§ **Required work**
Everything from the "ディーゼル キーケース DIESEL" line to the final line of the listing should be written out exactly. Skip the pictures.

Available data Start Marker

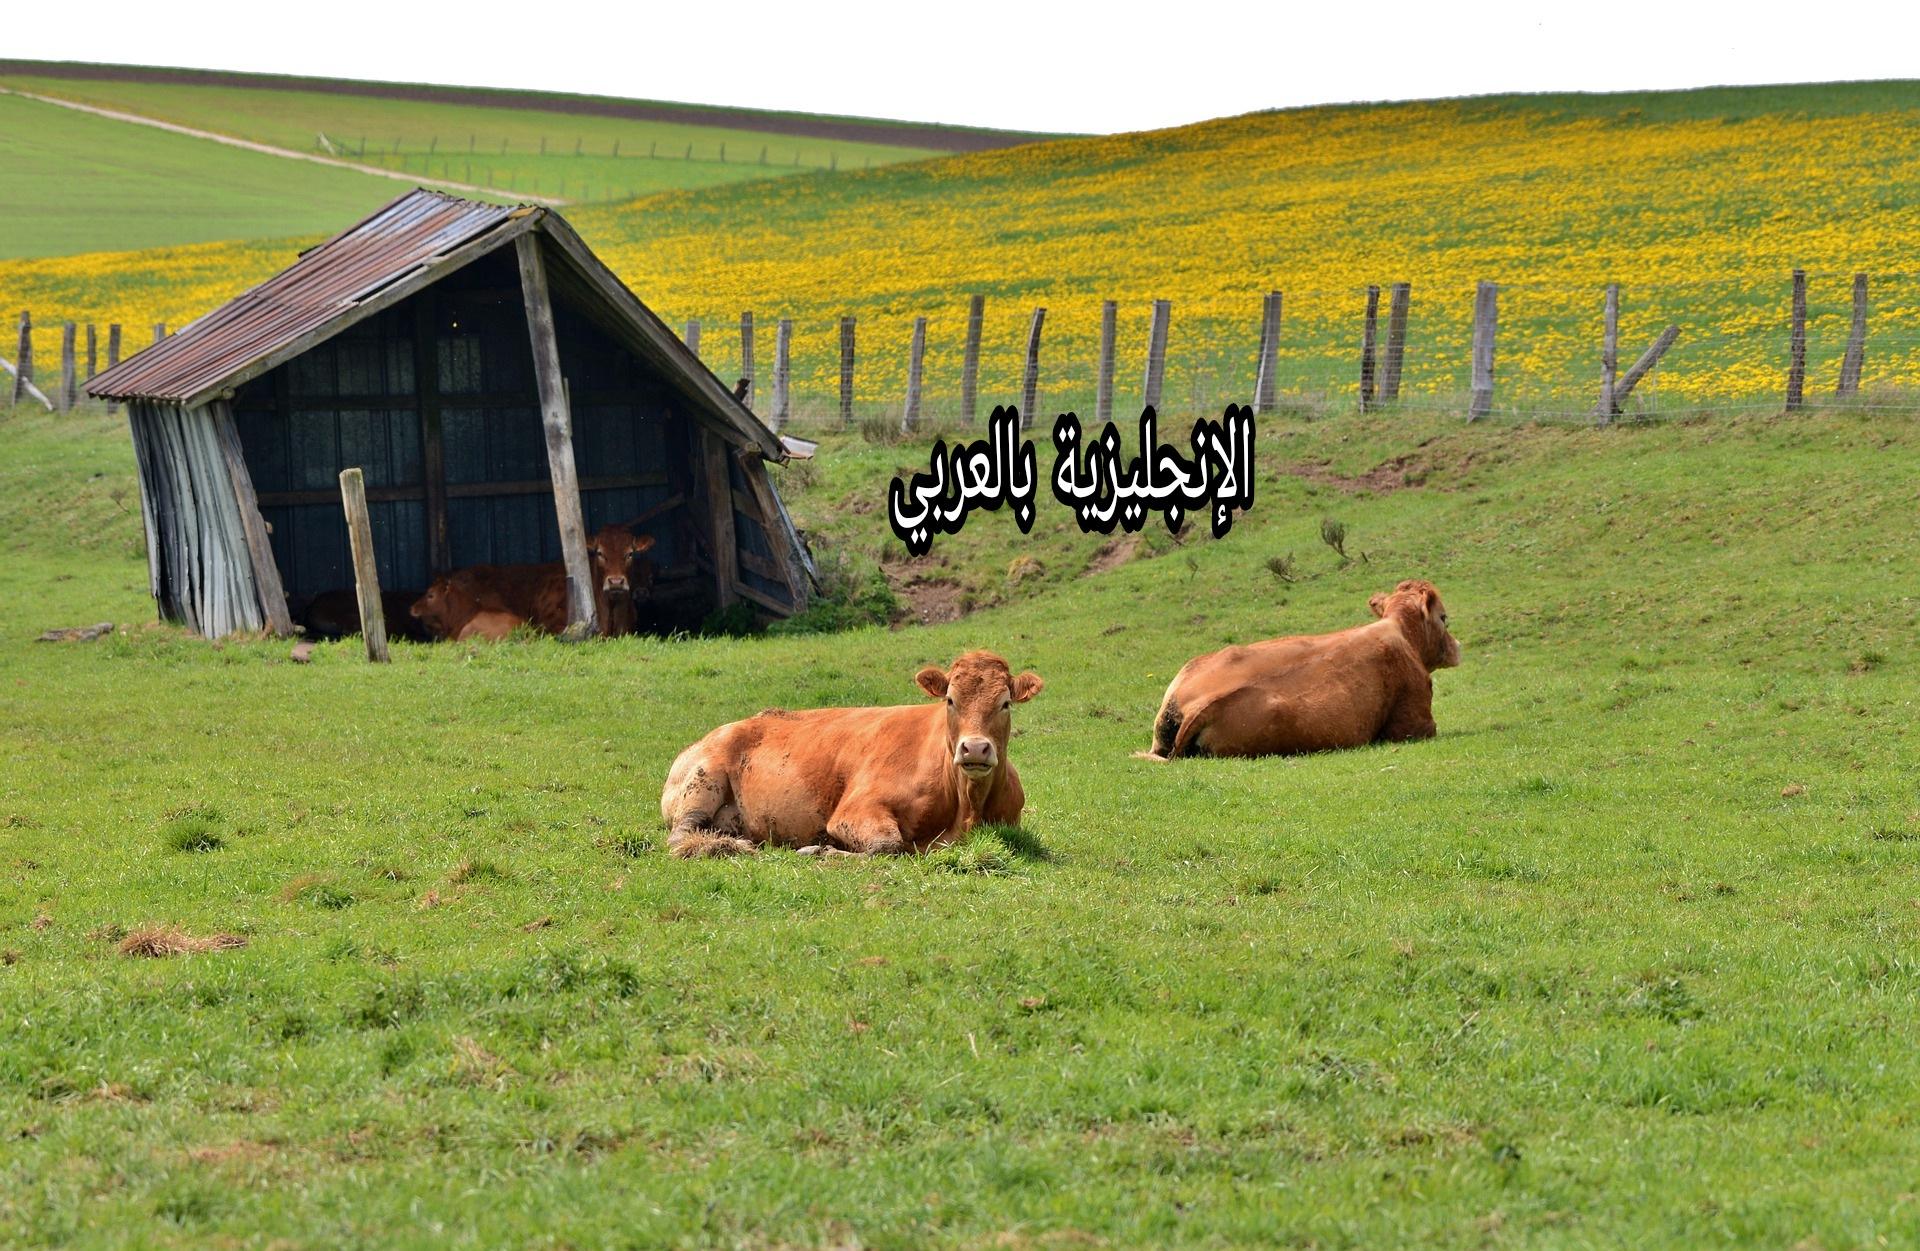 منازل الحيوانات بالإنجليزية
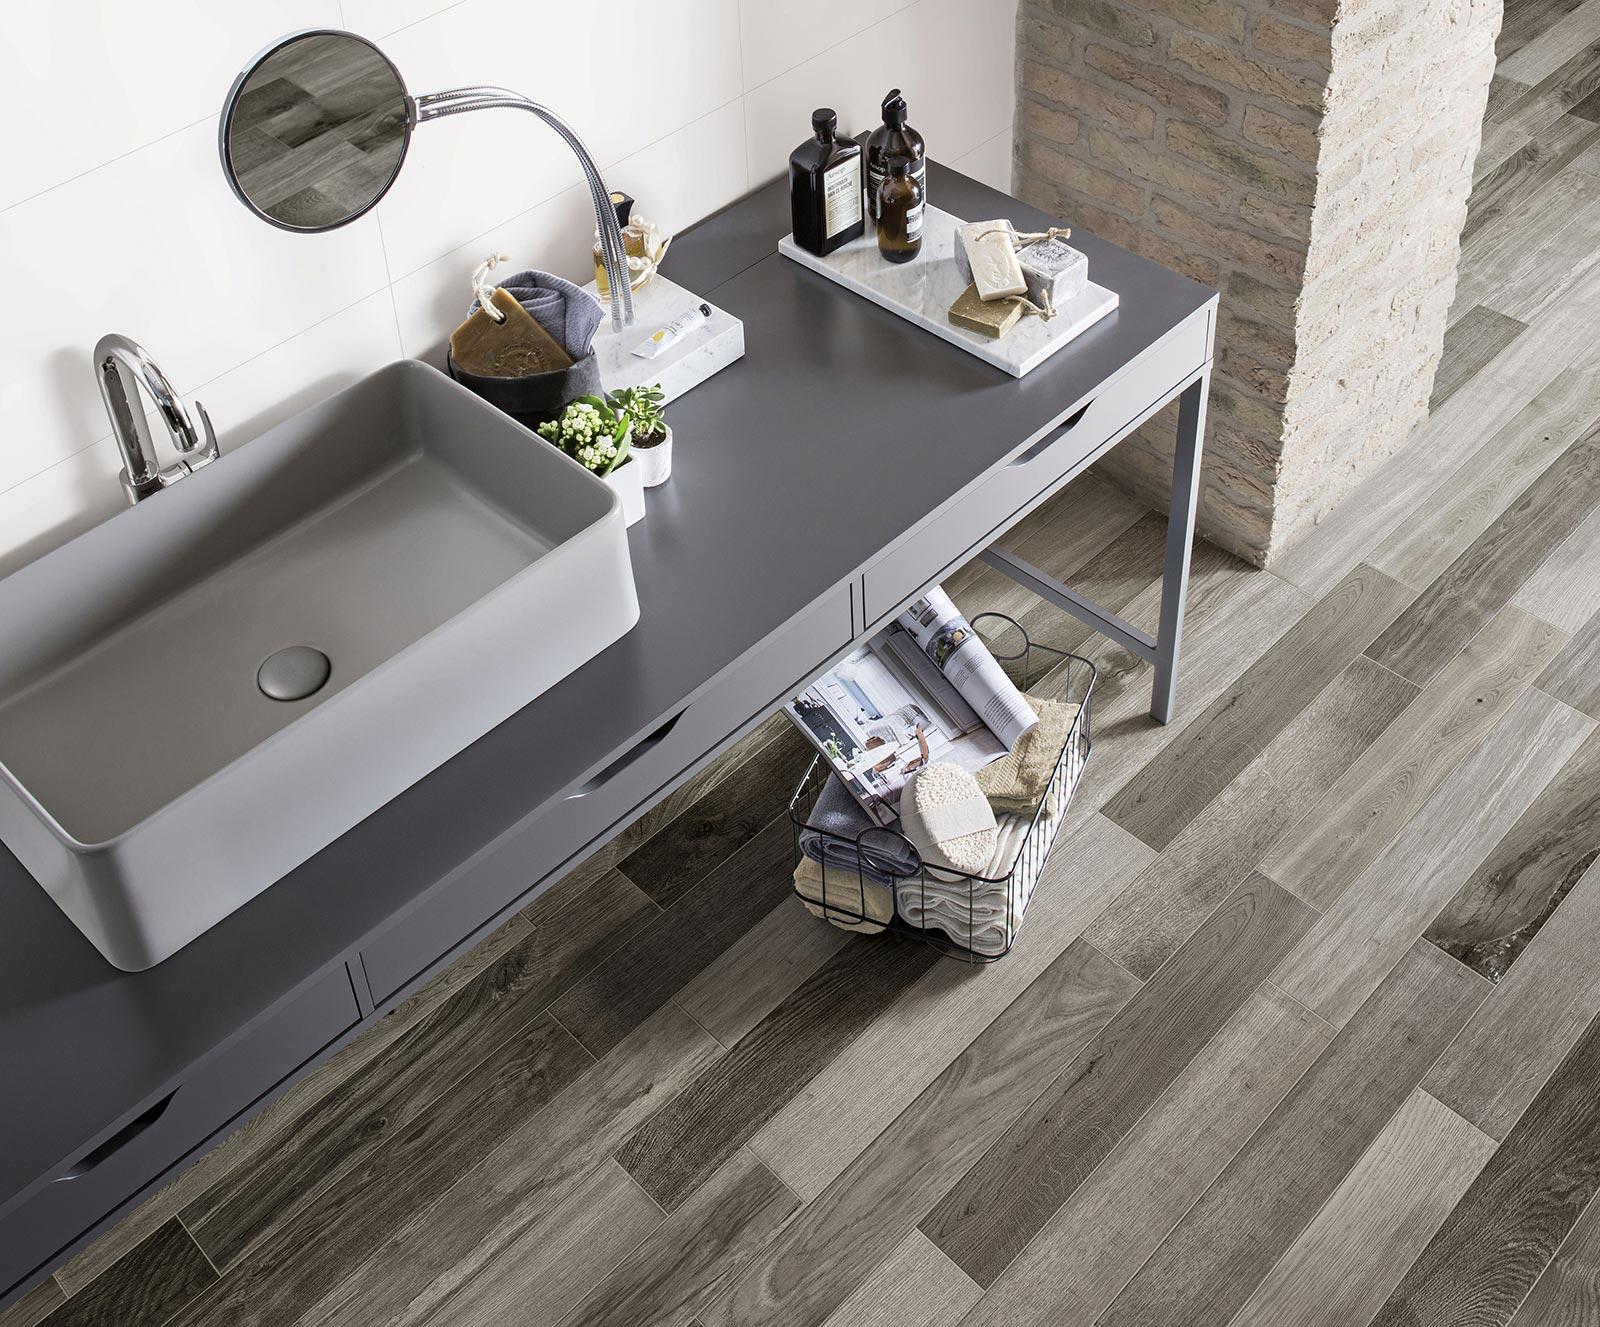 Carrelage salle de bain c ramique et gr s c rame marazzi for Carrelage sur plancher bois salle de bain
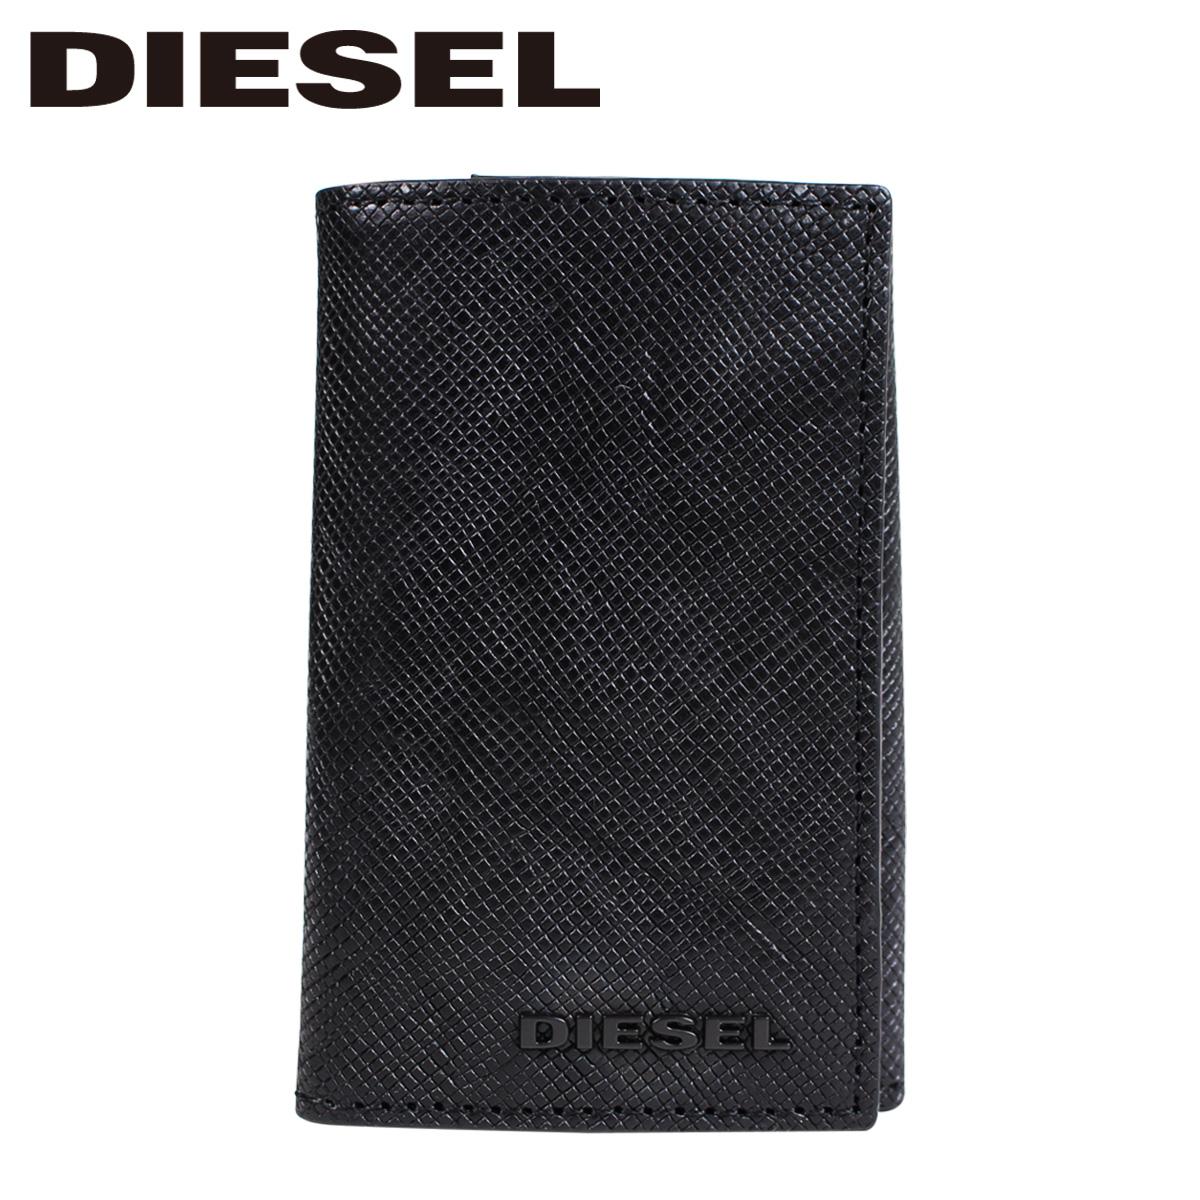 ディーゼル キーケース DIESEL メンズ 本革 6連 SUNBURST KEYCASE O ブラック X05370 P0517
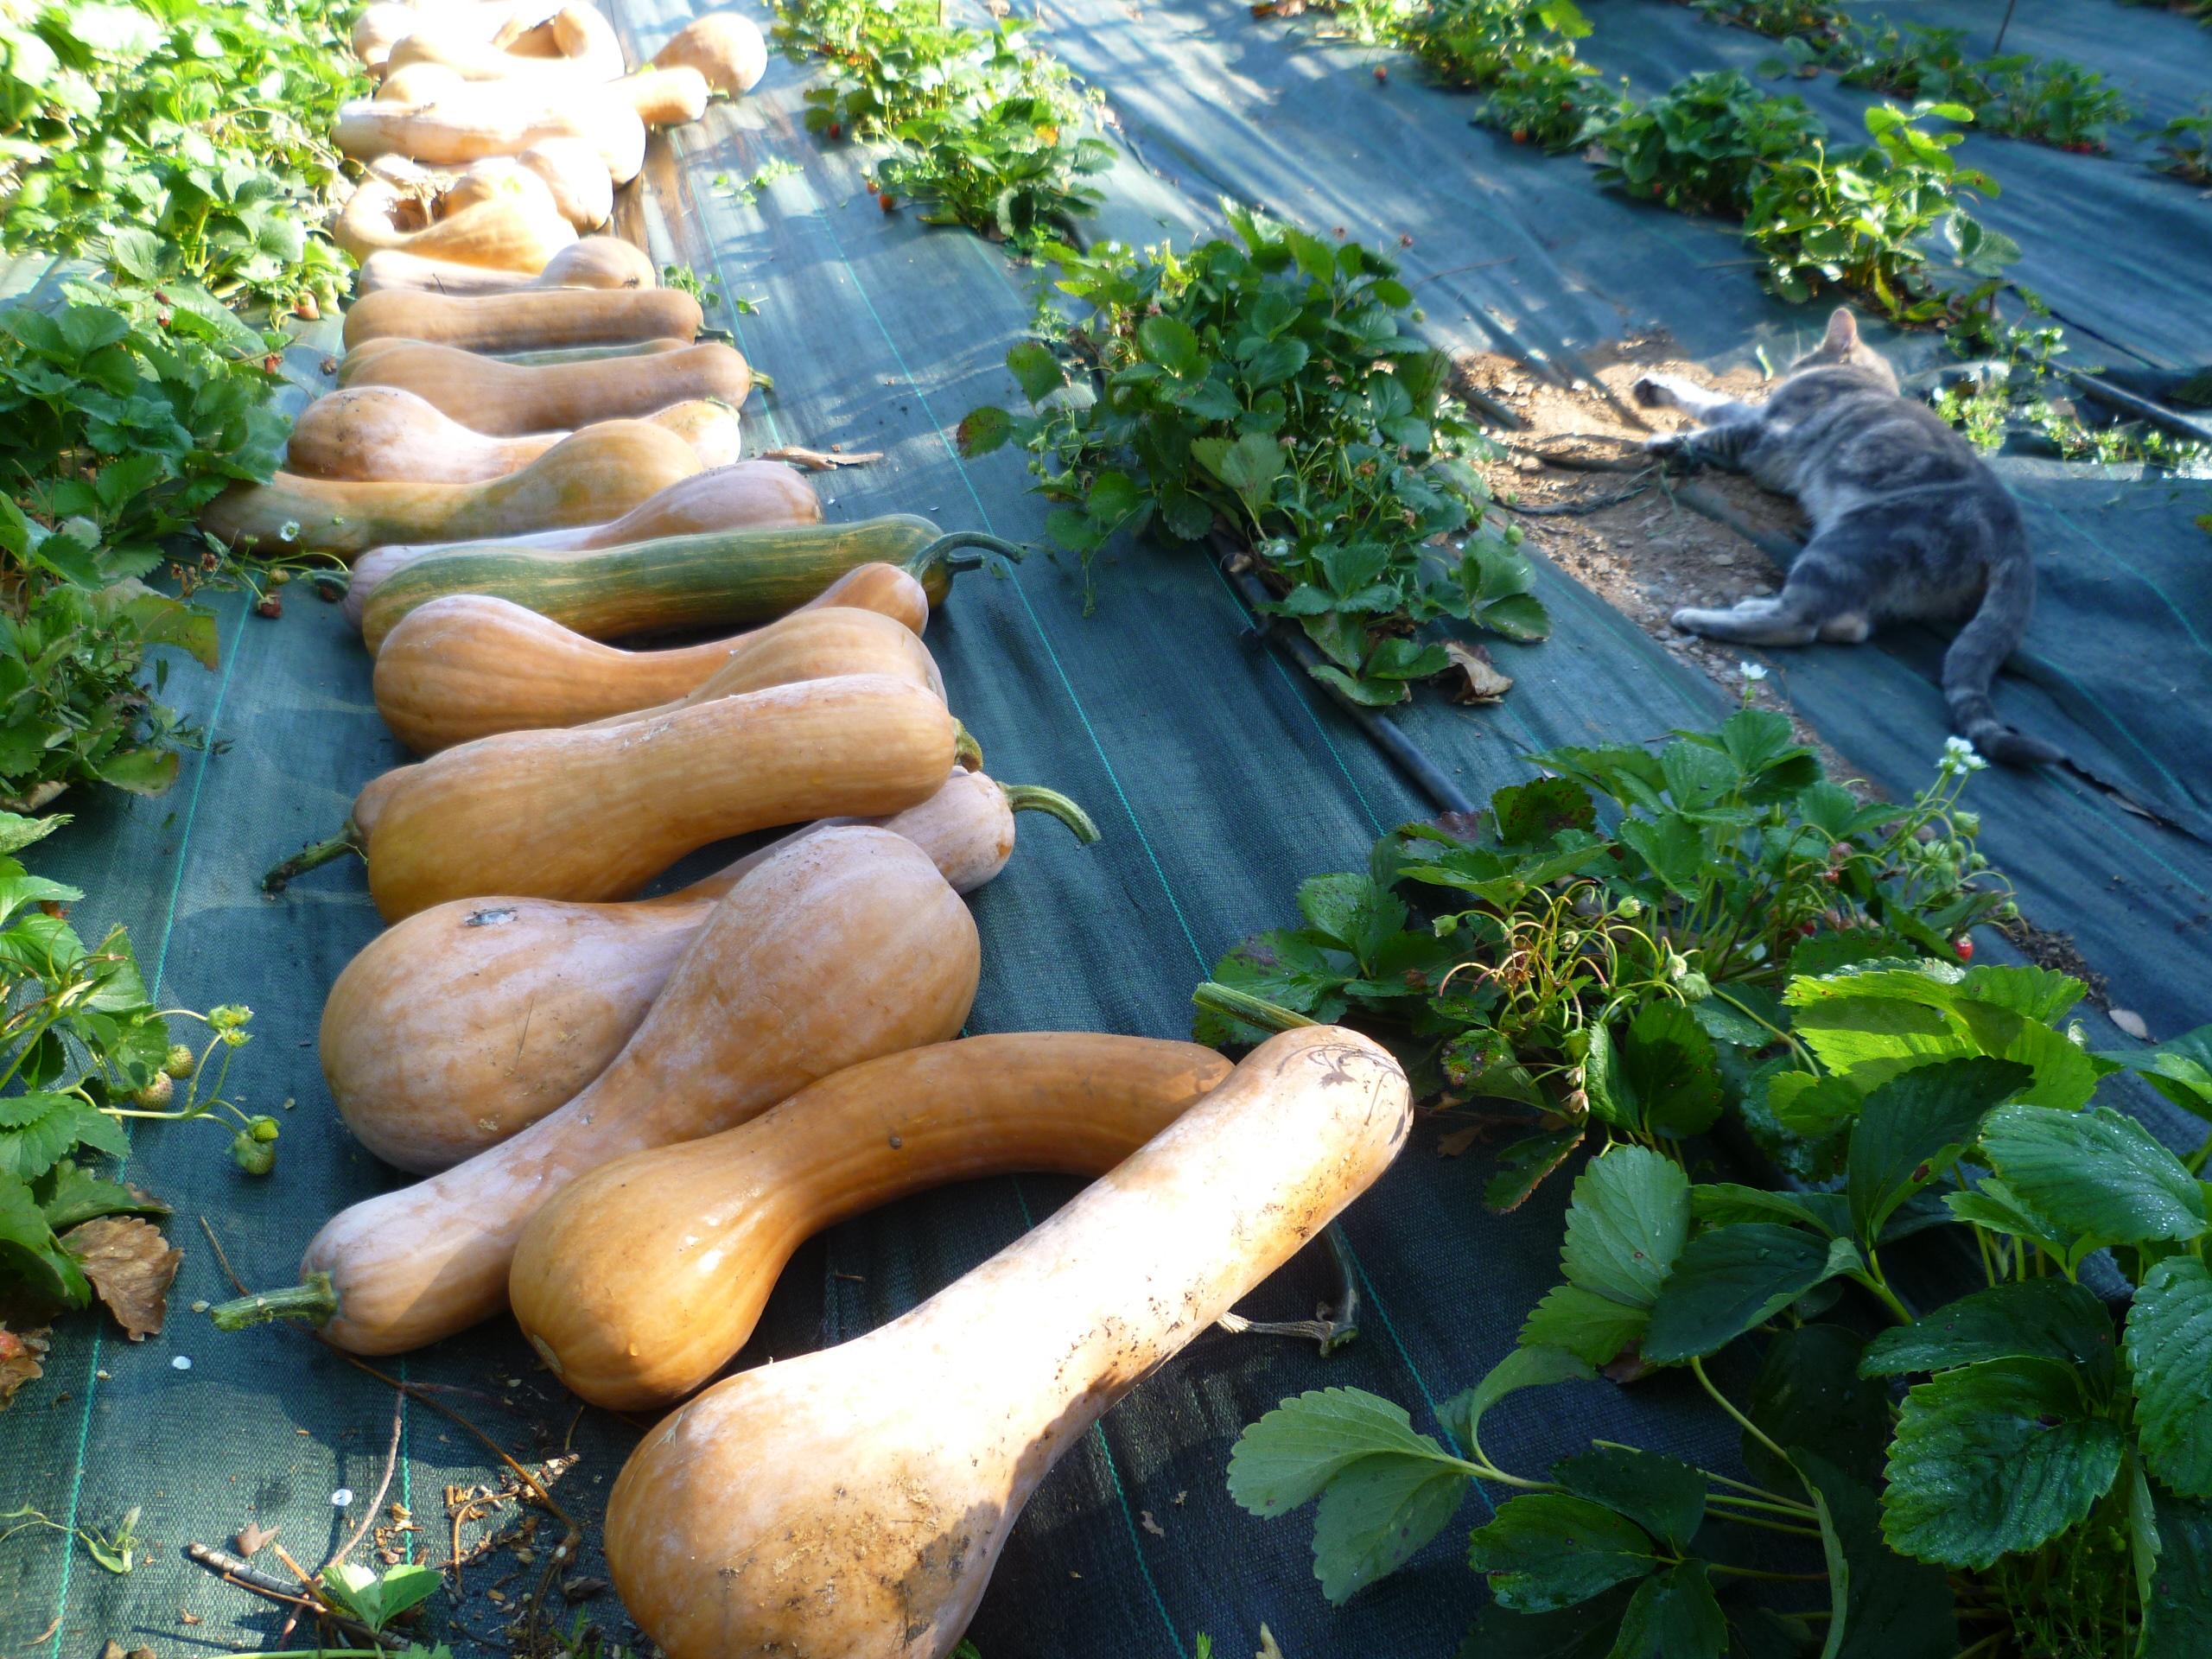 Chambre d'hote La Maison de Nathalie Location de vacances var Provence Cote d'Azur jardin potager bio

Available data End Marker

§ **Solution for this exercise**
 ディーゼル キーケース DIESEL メンズ 本革 6連 SUNBURST KEYCASE O ブラック X05370 P0517
 Chambre d'hote La Maison de Nathalie Location de vacances var Provence Cote d'Azur jardin potager bio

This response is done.